# Tank mates for german blue rams



## Fat Guy (Nov 19, 2003)

Well, if you want them to mate, I wouldn't put any tank mates in there with them once they pair off. I've bred my rams, almost successfully. Rams are excellent parents for the first day and a half. On the second day, they tend to forget their eggs for some time but will eventually go back to them. If there are other fish in the 20g, the eggs will surely be someones snack. 

I got my rams to breed at pH 6.4, GH 2, Temp 82.

They like extremely soft water and high temps. This should simulate the rainy season that they spawn during.

They are extremely sensitive to ammonia and to nitrites. But they're beautiful. I've kept mine with Angelfish, tetras, corys, apistos. Just non-aggressive fish. Angelfish and Rams and discus are probably the least aggressive of the cichlids.
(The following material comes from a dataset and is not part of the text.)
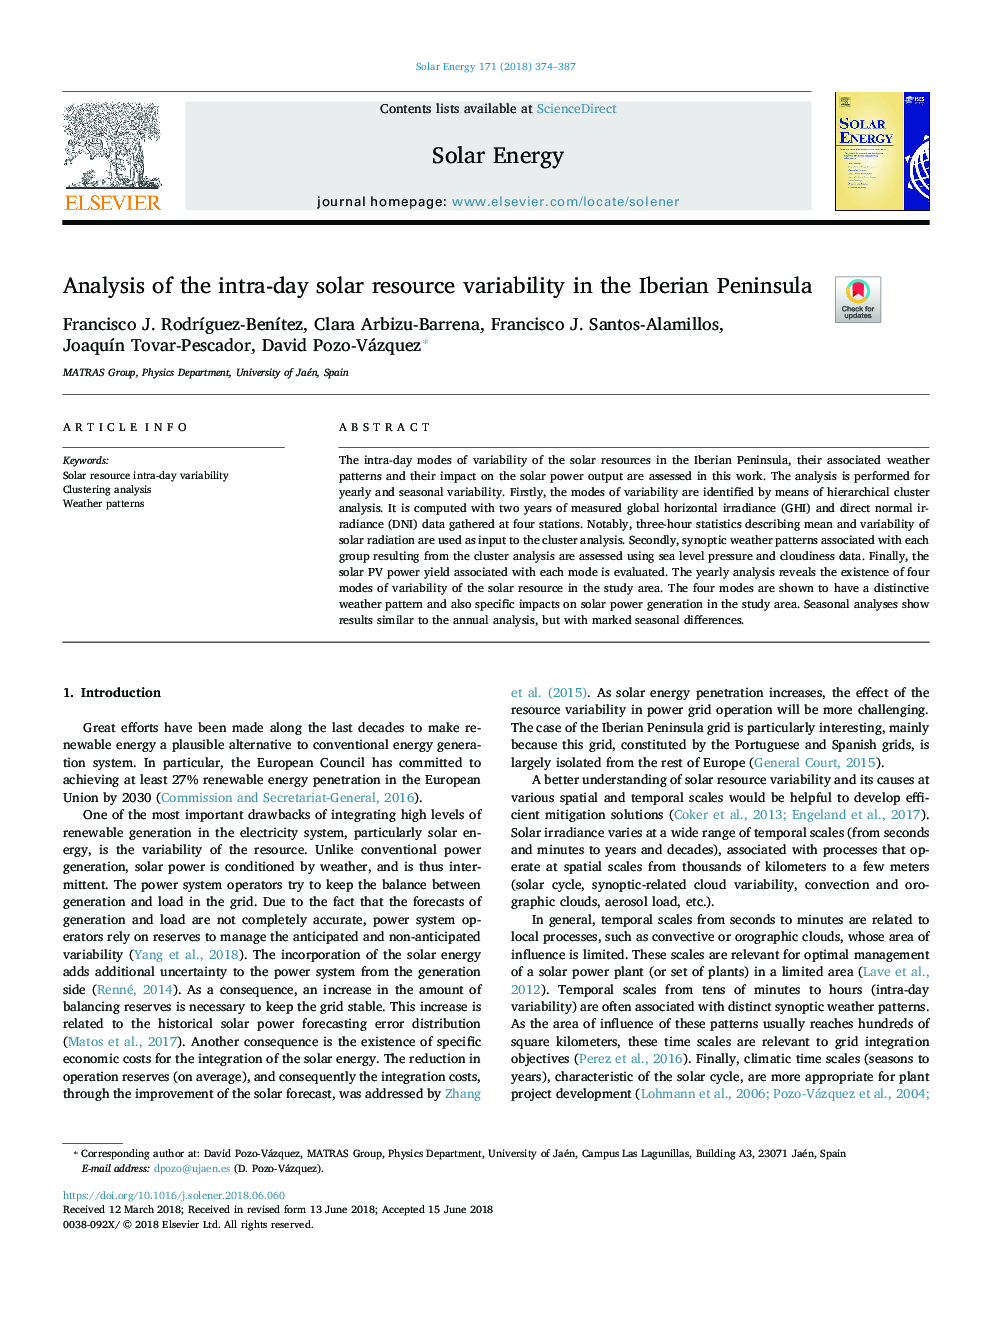 Analysis of the intra-day solar resource variability in the Iberian Peninsula

Anyway. Good luck with them. You can add peat to your water to soften it, it will also make it more acidic. However, I'm not sure what that will do to your CO2.


----------



## admin_old (Dec 4, 2003)

Can kribs go with bleu rams or apistogramma nijsseni. Also can tetras survive with a PH lower than 6.5?

-Admin


----------



## Fat Guy (Nov 19, 2003)

I've kept neon and glowlight at 6.5. I think they would prefer it to be a little higher though it should be fine. Apistogramma nijsseni should also thrive at 6.5 and softwater. Fish like tetras and angels (fish that aren't too picky about water quality) will be able to adapt to a lower pH as long as you do it gradually. Most fish have this ability. However, I tried to keep rams at a very alkaline pH and it didn't work out too well. Poor experiment. The apisto and rams should do well at the above water params. Just be mindful of your water changes each week, make sure your tank is cycled (test for nitrites and ammonia....make sure it's 0) then put the rams in and you should be fine. They shouldn't be that difficult if you match their water and maintain it.

FG


----------



## Fat Guy (Nov 19, 2003)

I believe that where the apistogramma nijsseni comes from, the water is almost pH of 5.6 and 1GH. Try to get your hands on tank bred/raised ones.


----------



## Fat Guy (Nov 19, 2003)

BTW

I know that Kribs can tolerate different water types, however, I've never kept them with the blue ram.


----------



## admin_old (Dec 4, 2003)

I bought a german blue ram about a month ago. He was eating well and didnt appear to have any diseases but when I got home the other night I saw that he had died mysteriously. He had good color and had no other diseases that I could see and my water had no nitrites or ammonia with a ph between 6.8-7.2 and with a gh of 6 and a kh of 4. Maybe the fish had internal parasites or something. Any ideas on why the blue ram died?

-Admin


----------



## NyCzBuBba (Nov 16, 2003)

Well put some Hex-a-mit then for mysterious death. Sometimes things happen that cannot be explained. Maybe internal or something.


----------



## Fat Guy (Nov 19, 2003)

NyCzBuBba said:


> Well put some Hex-a-mit then for mysterious death. Sometimes things happen that cannot be explained. Maybe internal or something.


true. 

BTW Was your tank cycled?


----------



## admin_old (Dec 4, 2003)

My tank has been running now for about 8 months so it is cycled. What is hex-a-mit?

-Admin


----------



## NyCzBuBba (Nov 16, 2003)

its fish medicine. You can purchase in your LFS. they come in pills you open the pills and put the powder(medicine) in the tank. i think 1 pill per 10 gallons


----------



## Fat Guy (Nov 19, 2003)

Be careful about adding meds to your tank. Good luck.


----------



## E. Simpson (Oct 18, 2003)

Kribs will shred those Rams if you put them together IME.Especially if it's a mating pair of Kribs.Those little guys are meaner than they look.





Ernie


----------



## wellbiz (Aug 6, 2003)

E.Simpson is correct, you dont want to be putting in Kribs with rams, unless you want dead rams.... Not to mention they require different water conditions...


Jason


----------



## 2la (Aug 18, 2002)

wellbiz said:


> E.Simpson is correct, you dont want to be putting in Kribs with rams, unless you want dead rams.... Not to mention they require different water conditions...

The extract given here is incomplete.